We recently outlined the evolution of the PCB after it emerged to replace point to point connections on a chassis in the years following World War II.

Here we’d like to trace the key moments in recent years that our brief history did not allow us space for.

As we chart how the manufacture of PCBs transformed from an art to a highly-specialised science we pinpoint five decisive moments that have kick-started their development in recent decades.


In the beginning


The earliest PCBs were very much works of art.

Etched by hand, they owed more to technology from artwork reproduction than to high tech.

To create these circuits copper-clad boards were used. The artwork was hand-drawn, and once the track layout was defined, it was printed onto the board as an etch-resist mask. Acid was next used to etch away the exposed copper before another chemical removed the etch resist.

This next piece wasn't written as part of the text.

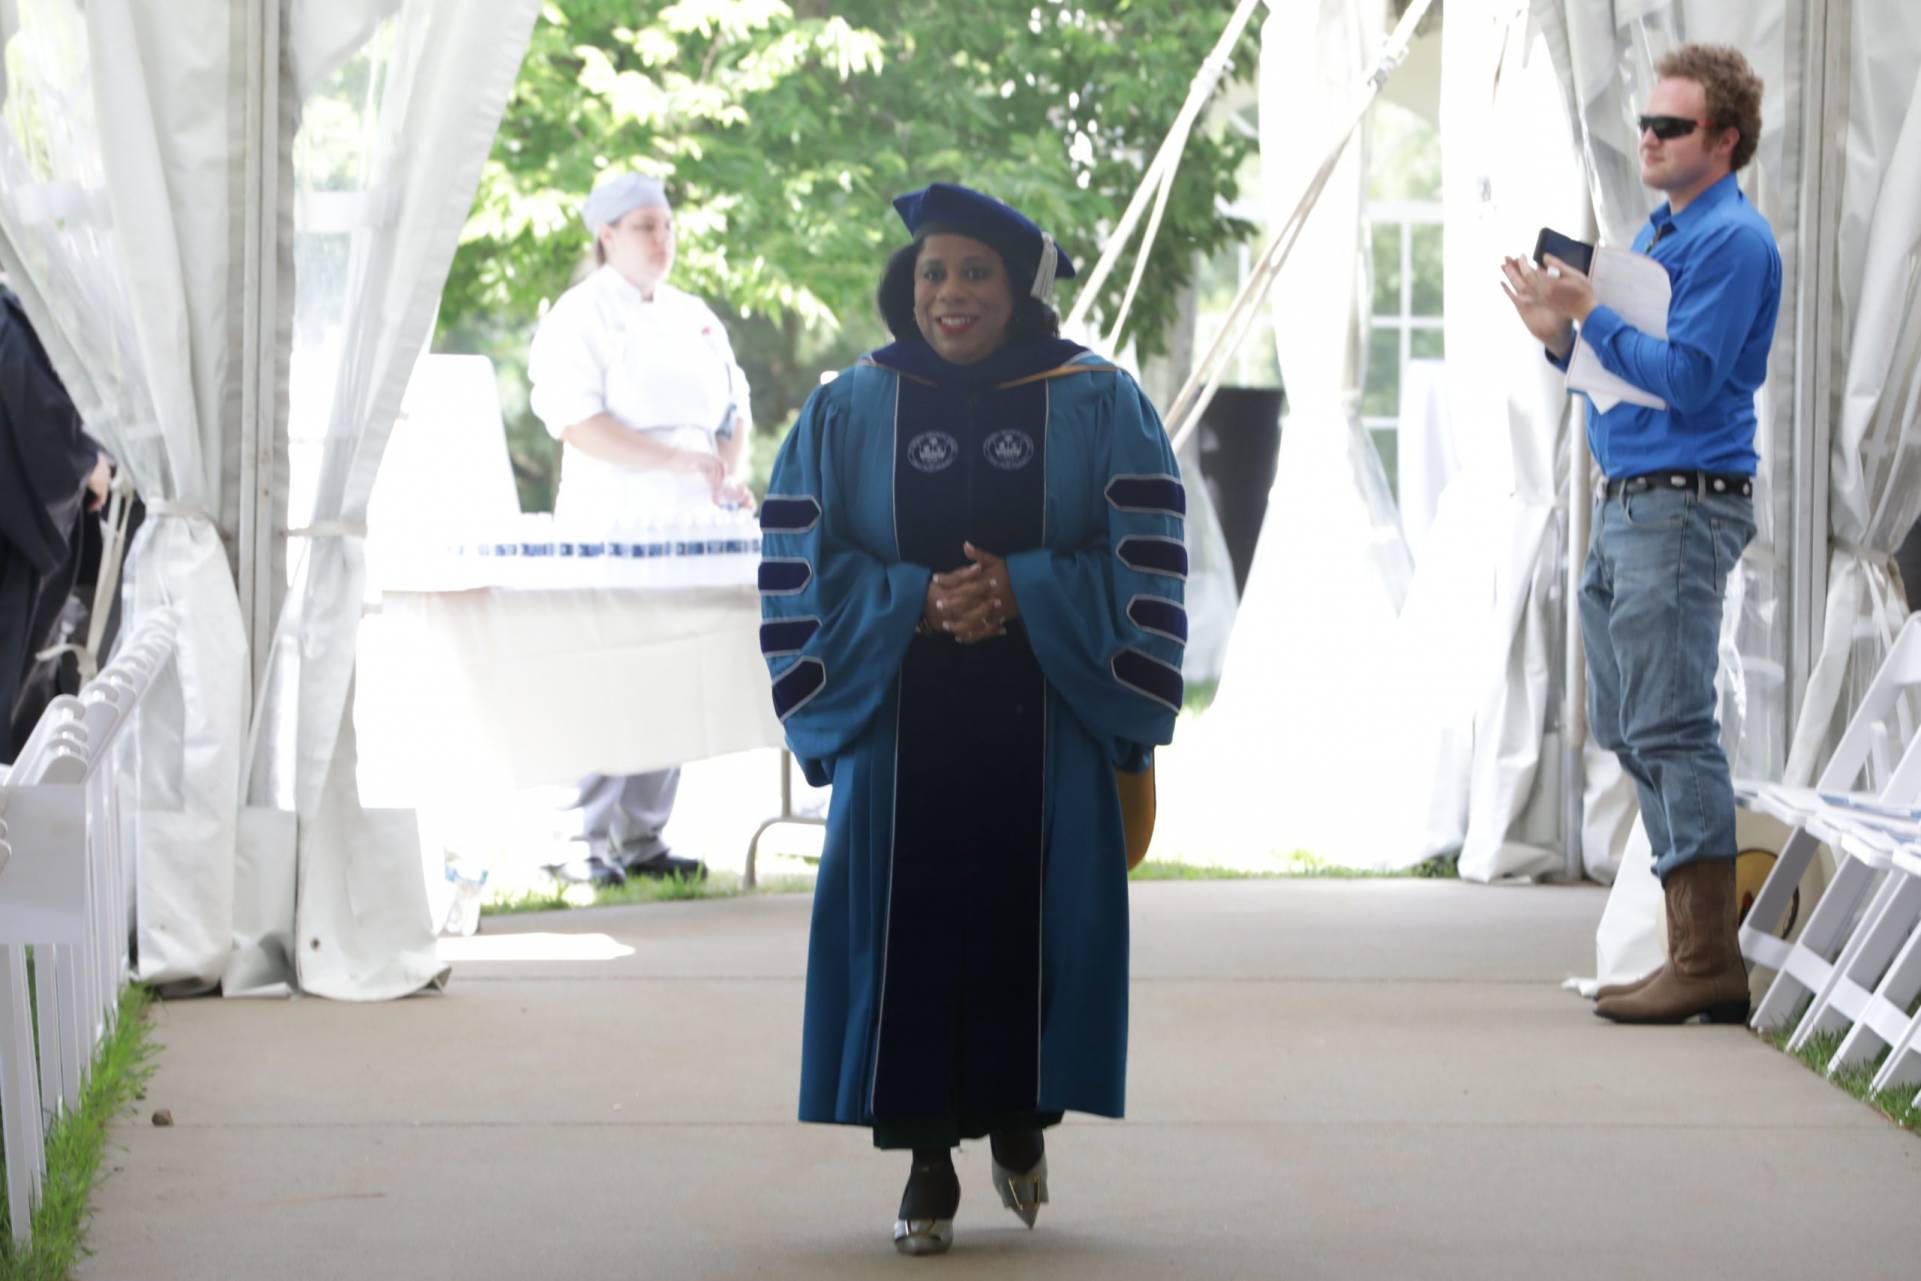 Dr. Harvey-Smith walking alone following the procession for the Installation Ceremony.

Although we would still recognise the circuit board produced today, the process of producing it had its roots squarely in methods that had long been used in printing and artwork reproduction.

These processes have changed much since the tech breakthroughs and the manufacturing and electronic development that came to a head in the 1990s.

Here are just five of the ways that PCB manufacture was transformed from an art to a science.


The multilayer breakthrough thanks to via


It was in the 1990s that the use of multilayer surface boards became more frequent, allowing for greater complexity and speed.

The inevitable reduction in size of PCBs allowed them to be incorporated into a wider range of designs and devices.

What  the introduction of blind via and buried via permitted was connection on different layers through copper-plated holes functioning as an electrical tunnel through the insulating substrate. In the past connection through layers had been allowed using plated thru-barrels, but these created an obstacle to connections to every other layer.

The result, following the introduction of via technology in 1995, was the production of High-Density Interconnect (HDI) PCBs.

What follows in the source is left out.